All they fear is a social explosion, a revolt, a revolution. Everything else doesn't matter. That's why they militarize it. I agree with having a basic income, it is necessary and fair. But they can't pay the state's general income and then charge it in taxes. Let some great fortunes be expropriated, paid by the banks and large companies of the IBEX. The crisis has to be paid by the person who causes it, the big capital, that 1% of the world. These people have been accumulating non-stop money for 30 years.
Here we are talking mainly about the West and the East, but less about Abya Yala, and less about Africa. How do populations and governments cope with the crisis?
There is no common pattern. Most governments have adopted very harsh isolation measures, with very strict confinements. They told me that in Córdoba (Argentina), and also in small towns, the government has blocked exits with sands and stone fences. People face it, there's a lot of resistance. There are two countries where the measures are very flexible, Brazil and Mexico. The two most populous and very important countries in the production and industry sector. I believe that all lengths are going to confine the citizens.
What I feel is that the authorities do not have a clear strategy, beyond not wanting a rebellion. They're improvising week by week and even day by day. And that causes a lot of pain. I distinguish from there Cuba, China and perhaps Russia, not because I agree with them, but because they work differently.
Do you think that what we are experiencing will have geopolitical consequences? Can it cause changes in the power relations between the poles?
"The center of world power moves from the West to the East, and in particular from the United States to China."
I do not believe that the pandemic will generate new trends, accelerate and deepen existing ones. The main one is that the center of world power moves from the West to the East, and in particular from the United States to China.
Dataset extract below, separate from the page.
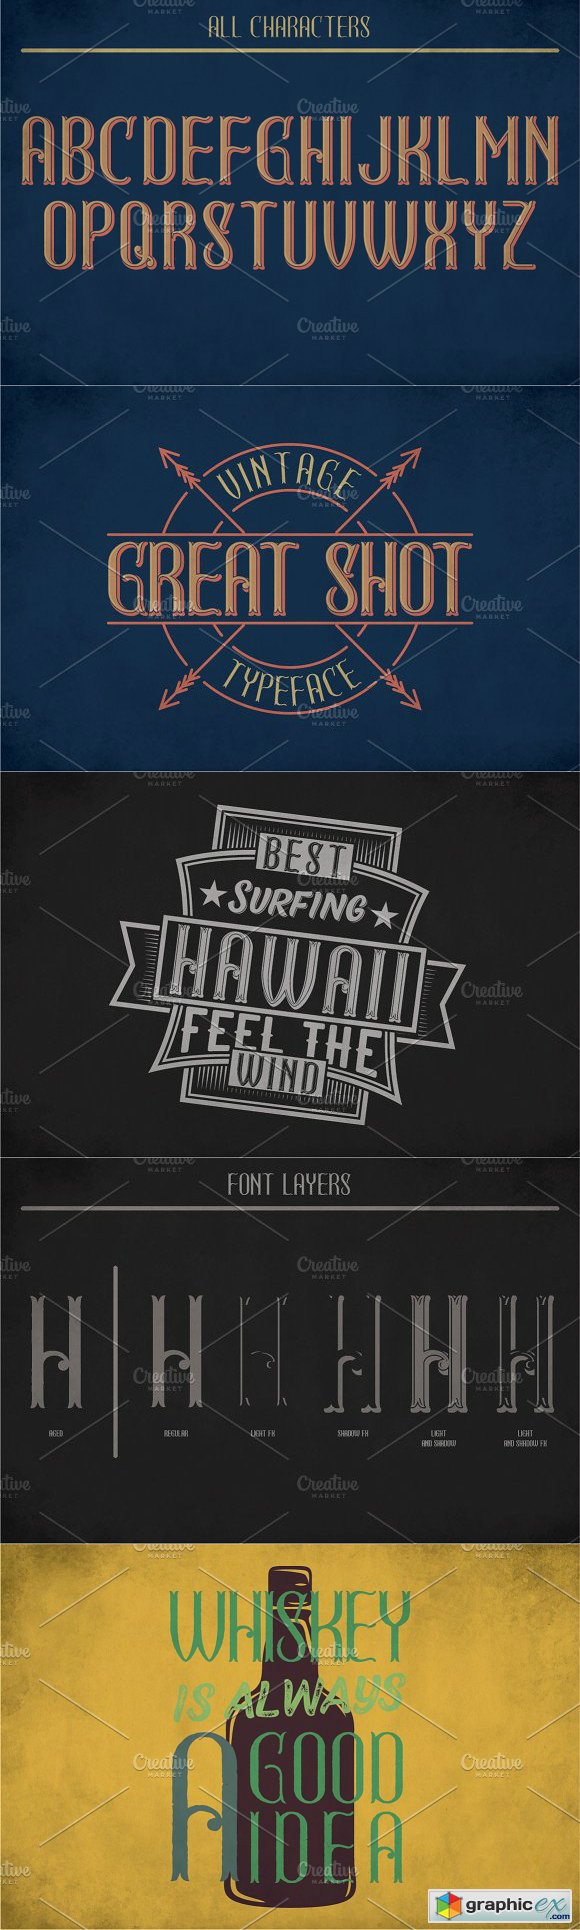 GreatShot Label Typeface font
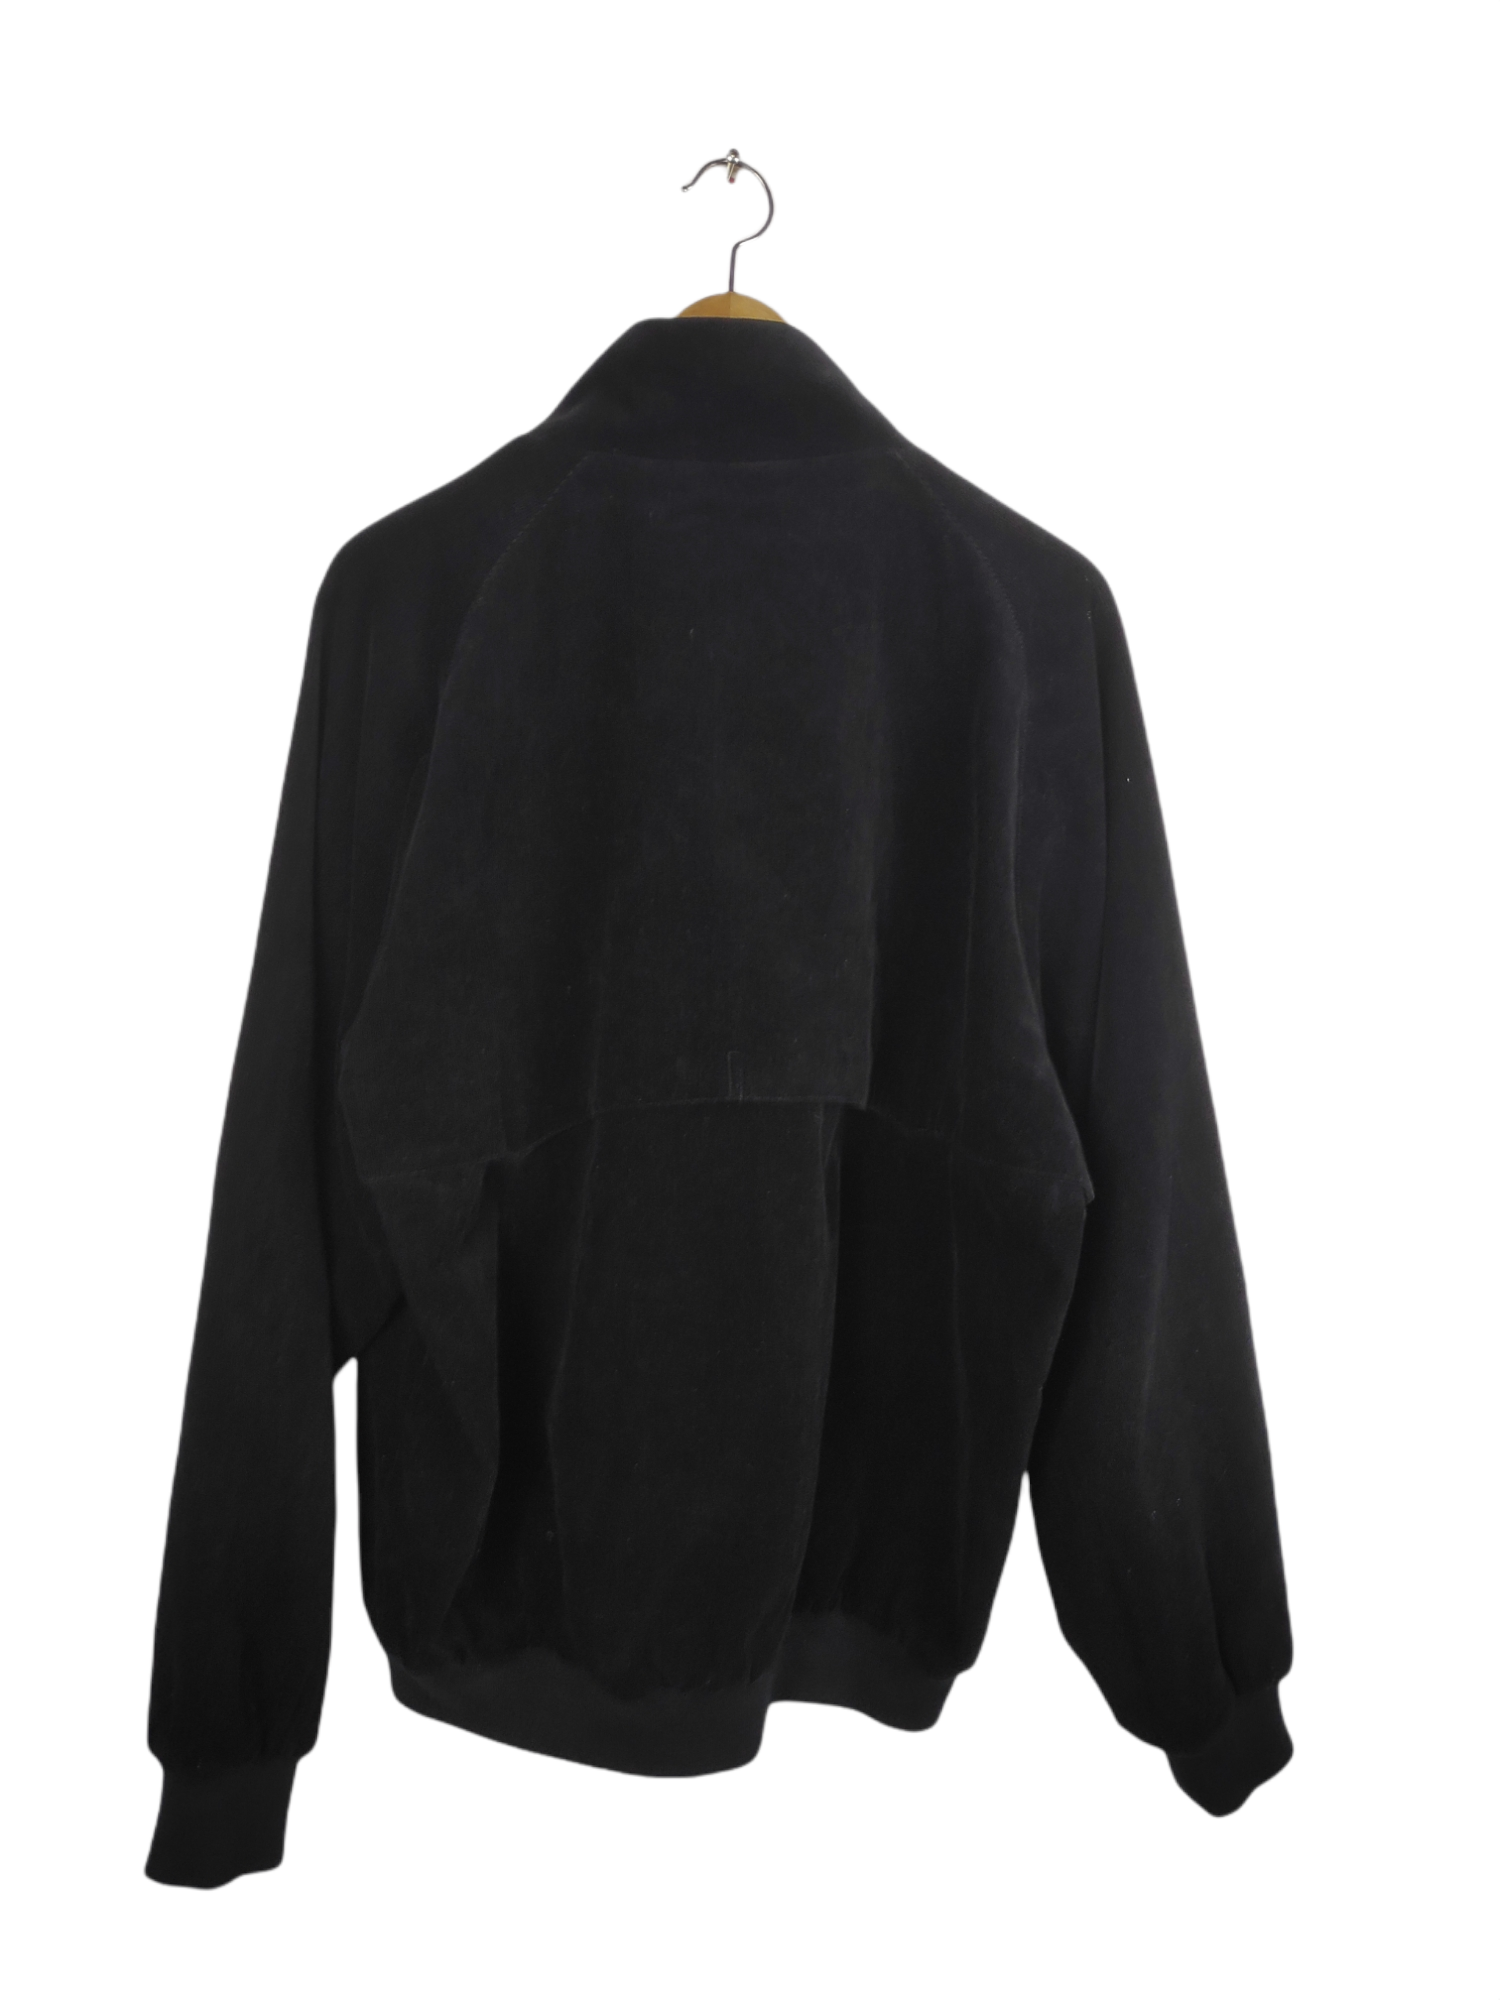 Vintage Lacoste Japan Made Corduroy Harrington Jacket - 4

China, South Korea, Japan or Singapore are the countries that have best solved the situation. In addition, they are the most advanced countries in future technologies: artificial intelligence, 5G telephony... They are the countries with the best political, economic and technological position for the future.
The United States has gone into a very strong internal whirlwind, which has caused a great humareda. Trump is drifting in his decisions and is concerned about maintaining production because he fears China’s primacy in the market. The pandemic has hit the richest and most economically important areas of the United States hard: Seattle, California with Silicon Valley, New York with stock exchange and banks... The citizens are very scared and feel that there is no clear policy. Michael Osterholm, one of the leading epidemiologists in the United States, was interviewed yesterday in New York and said the biggest problem is in the White House. And the WHO said the tendency is for the center of the pandemic to be the United States. In my view, the decline of the United States and the rise of China will accelerate.
As far as the European Union is concerned, it is becoming increasingly clear that it has lost its compass. He has long lost his way, but it is now more evident than ever. It cannot be that a country such as Italy, the G7, one of the most powerful economies in the world, is subject to the sending of masks by China, upon the arrival of doctors from Russia and Cuba, who were travelling to third world countries to help them. Except for Germany and some other country, the loss of the north is evident and is accelerating. Latin America, for its part, is even more lost than Europe. There was a time when it seemed that there was a direction, with progressive governments and with UNASUR. Then he became furious. Today it is more lost than Europe.
It is very symbolic that the European Union needs help and that this help comes from China. No one has come to the United States. Chinese experts tell us how to deal with the crisis; requests for materials to Chinese companies; donations from China to Europe.
Doesn't it look like a joke? It looks like the Marshall Plan comes from China [laughs].
Conspiracy theories are in force. One of them is that the virus was created by the United States and released in China, where it died. A representative of the Chinese Government made statements to that effect ...
I don't like conspiracy theses, because they don't help explain things. I have no doubt that this can happen, that EE.UU. You can do it, but I don't have data to confirm or deny it. It was the declaration of a Chinese political office. We will have to wait a long time for something to be known in this regard.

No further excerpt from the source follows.